INFORMATION SUPPLIED:

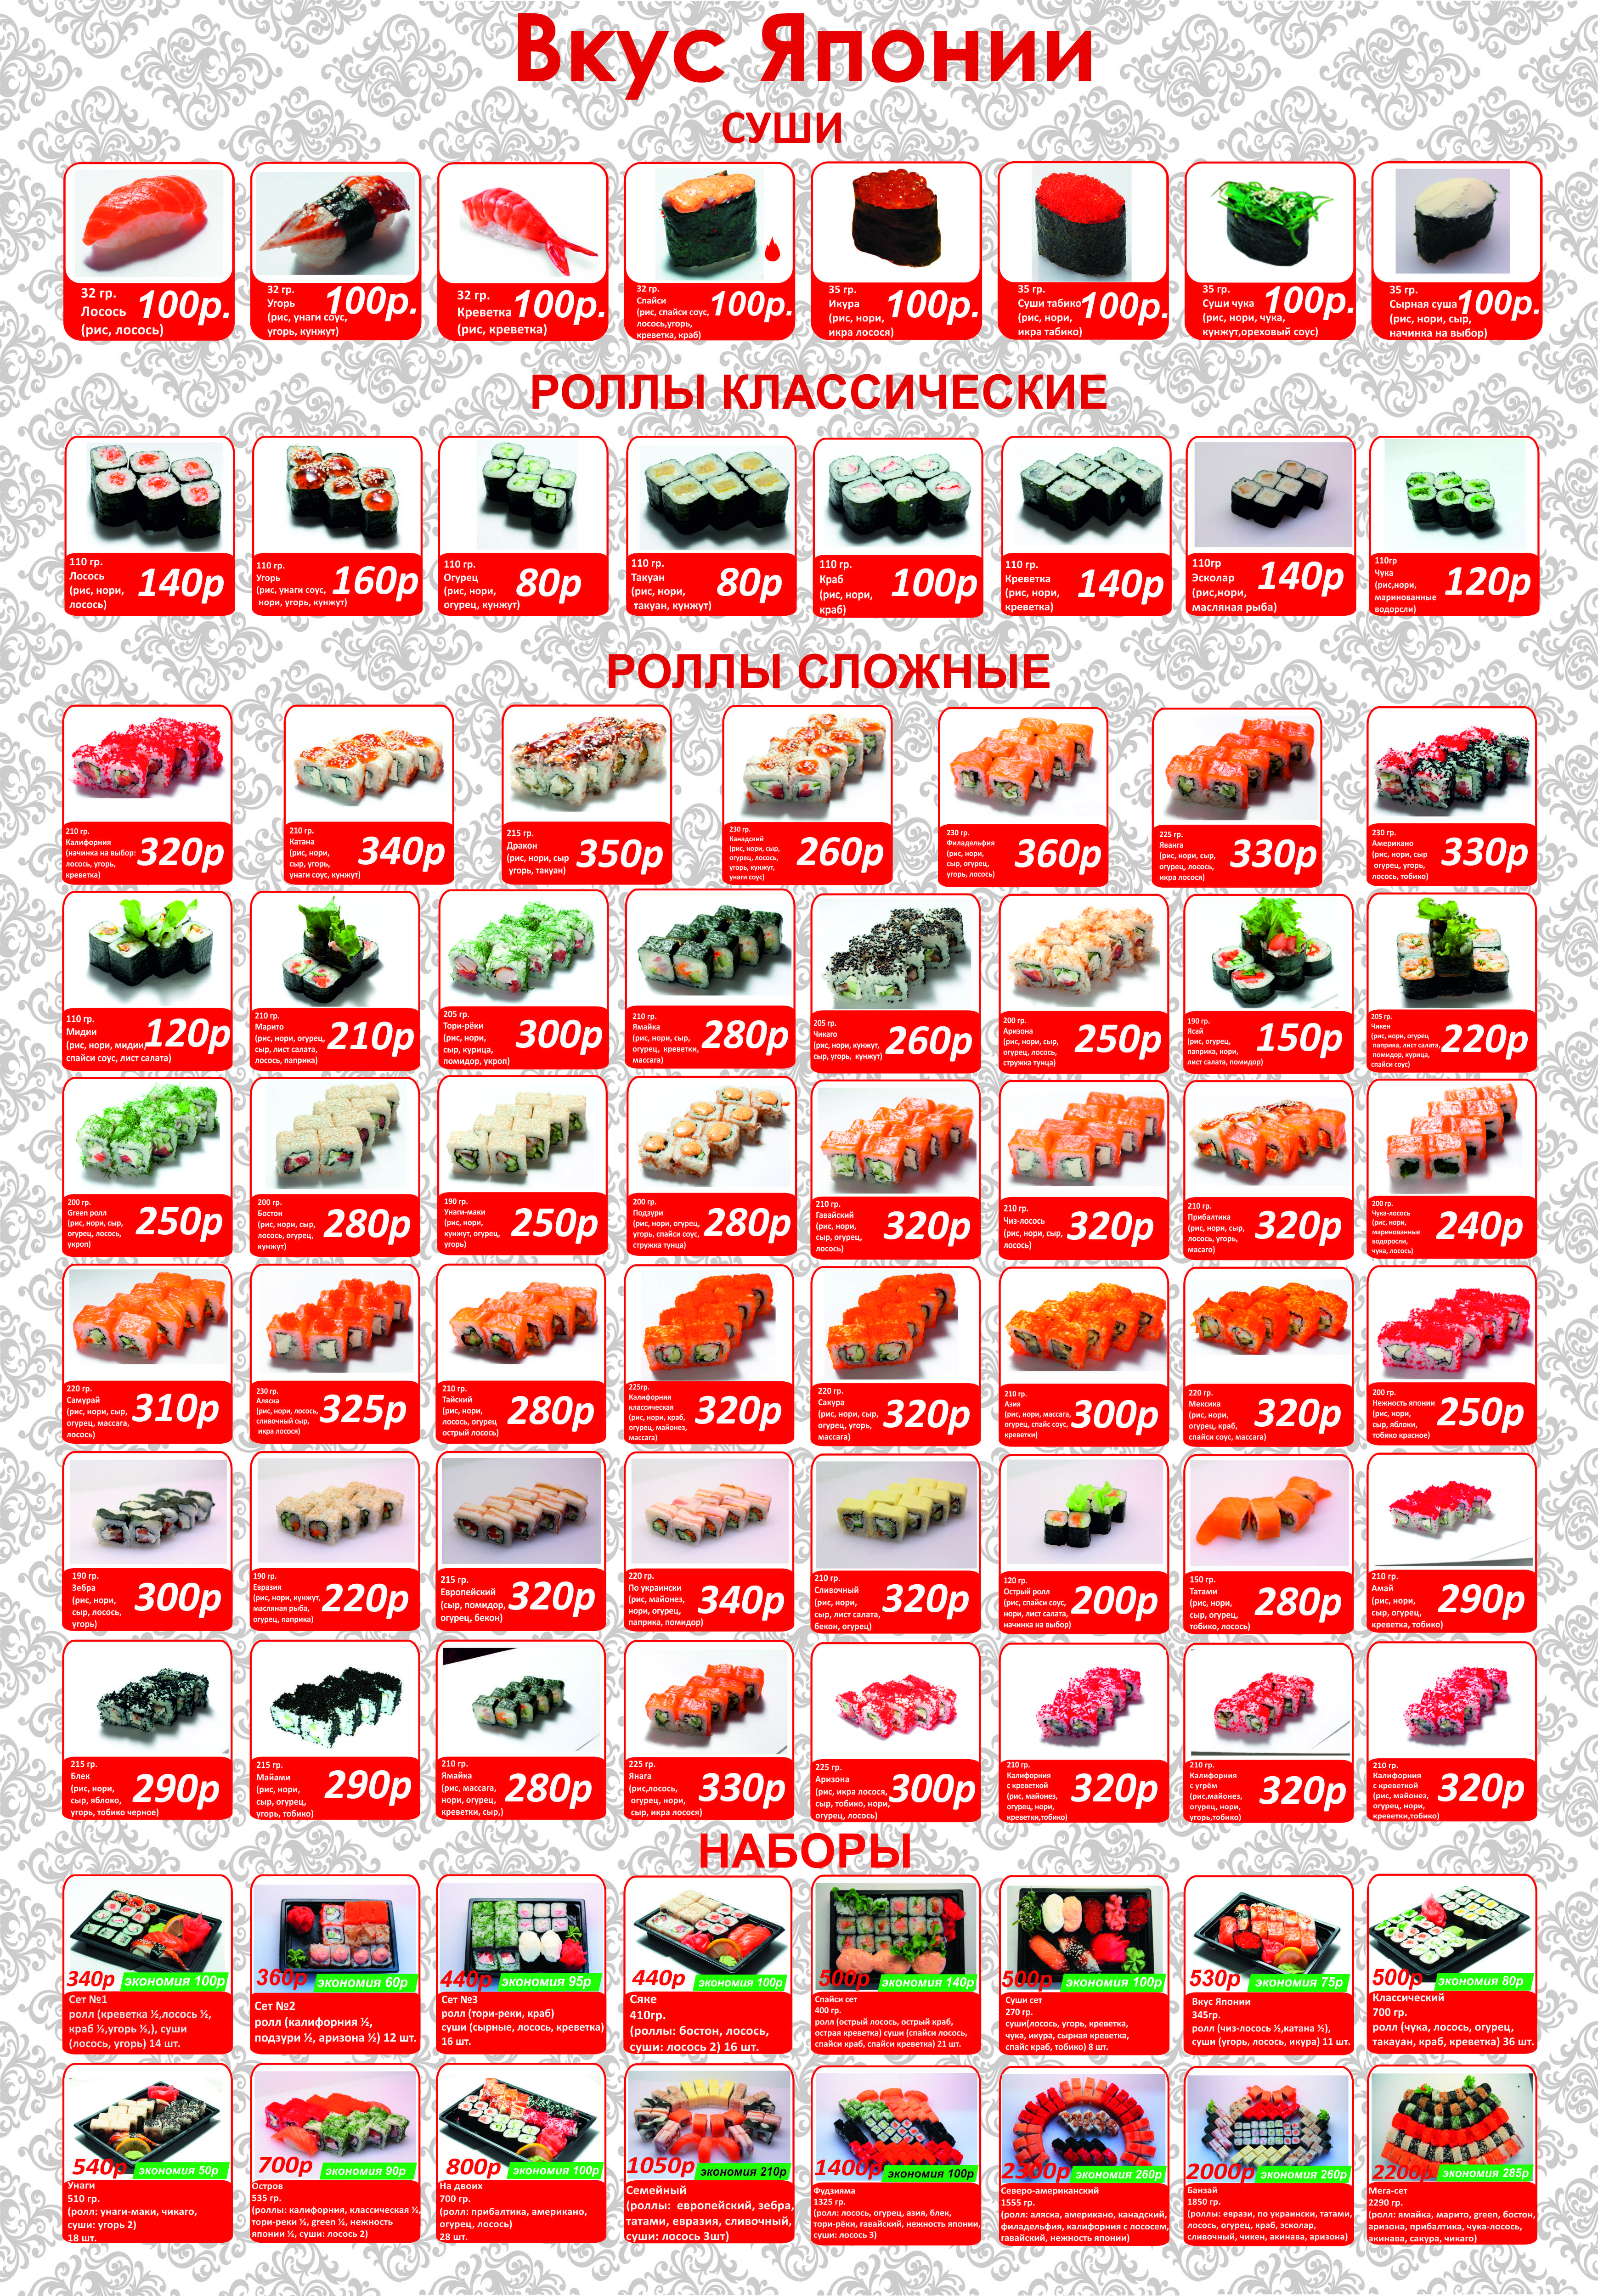 Суши вкусы и виды (120) фото
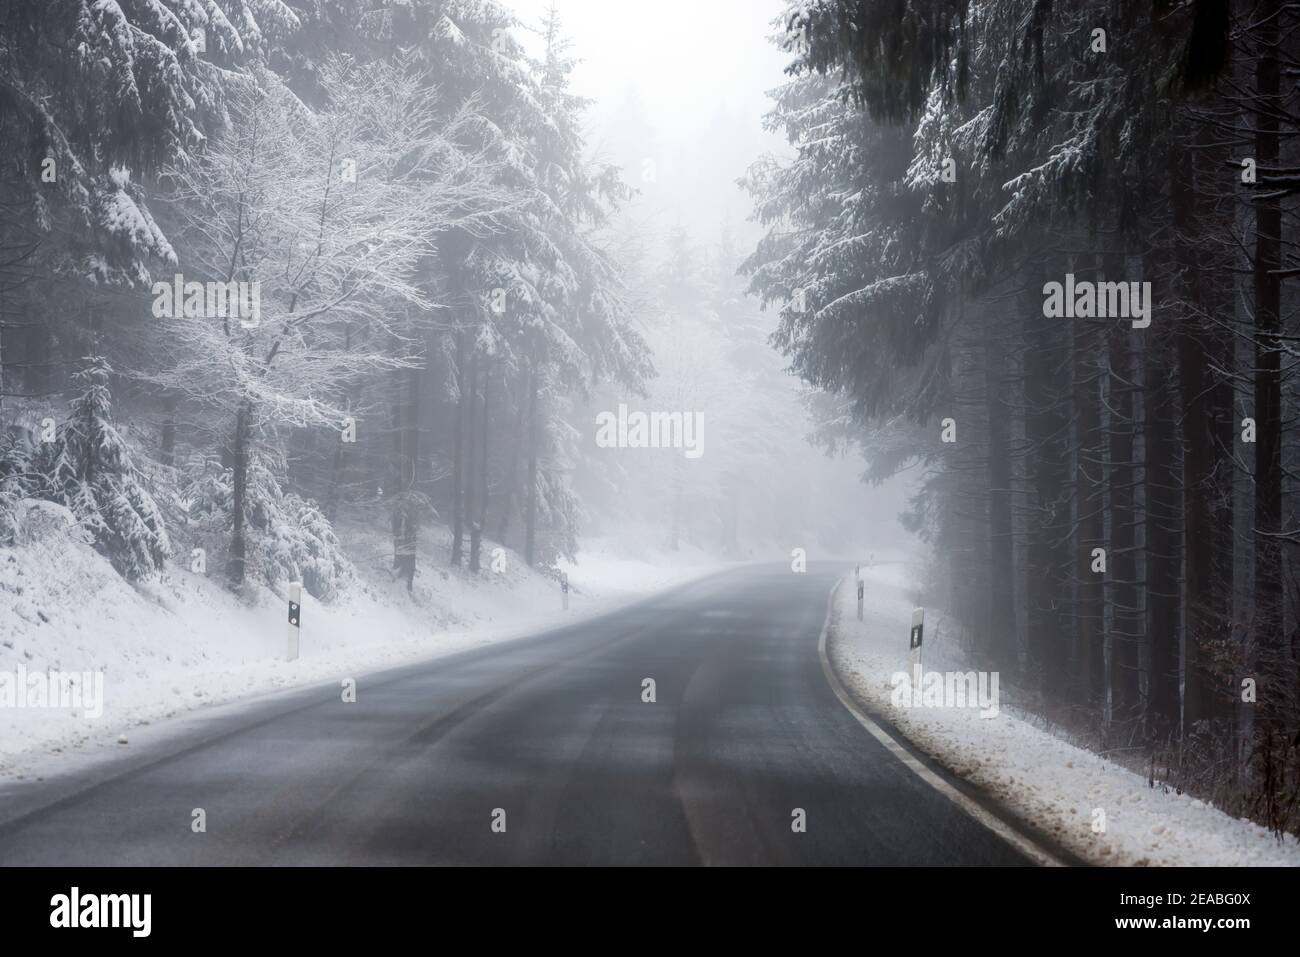 Winterberg, pays aigre, Rhénanie-du-Nord-Westphalie, Allemagne - paysage enneigé dans la forêt avec une route de campagne vide. Banque D'Images
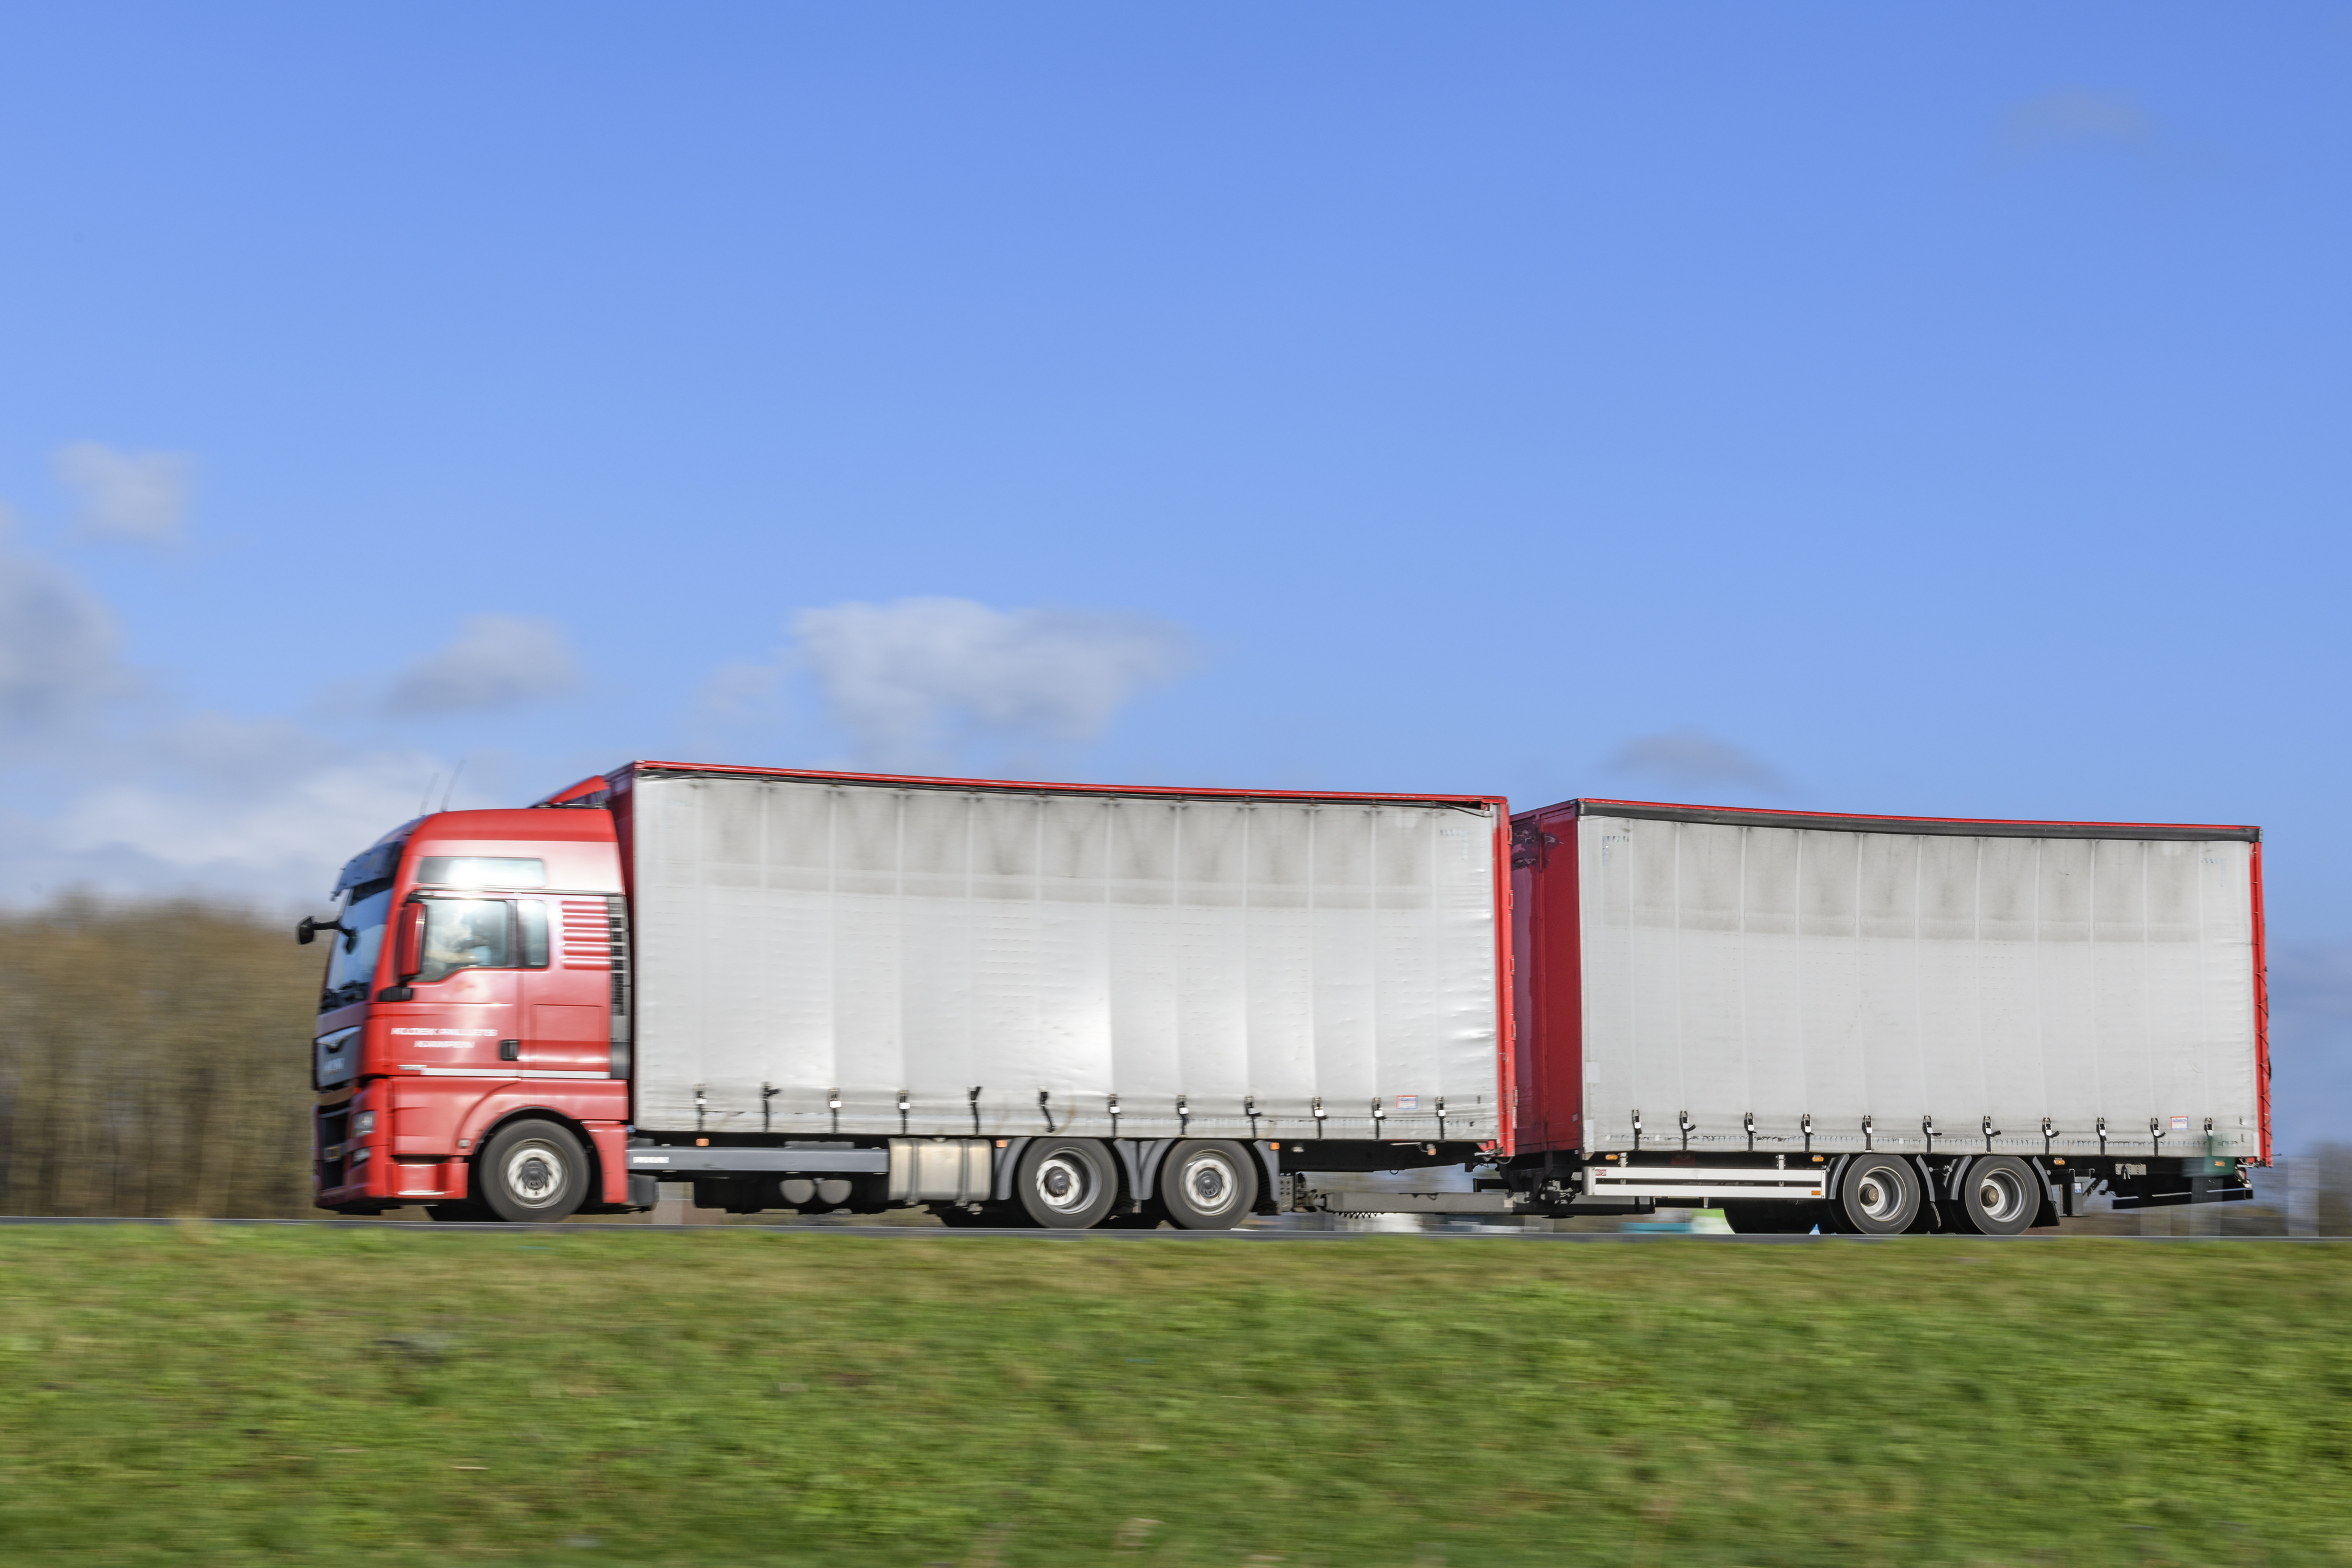 Cao Transport En Logistiek 2021 Cao Beroepsgoederenvervoer Wordt Verlengd Tot 1 Januari 2021 Transport En Logistiek Nederland

WORK INSTRUCTIONS: Output only the lines from the line that contains "Winterberg, pays aigre, Rhénanie-du-Nord-Westphalie, Allemagne" through the end of the material, both ends included, and skip every picture.

TASK RESPONSE:
 Winterberg, pays aigre, Rhénanie-du-Nord-Westphalie, Allemagne - paysage enneigé dans la forêt avec une route de campagne vide. Banque D'Images
 Cao Transport En Logistiek 2021 Cao Beroepsgoederenvervoer Wordt Verlengd Tot 1 Januari 2021 Transport En Logistiek Nederland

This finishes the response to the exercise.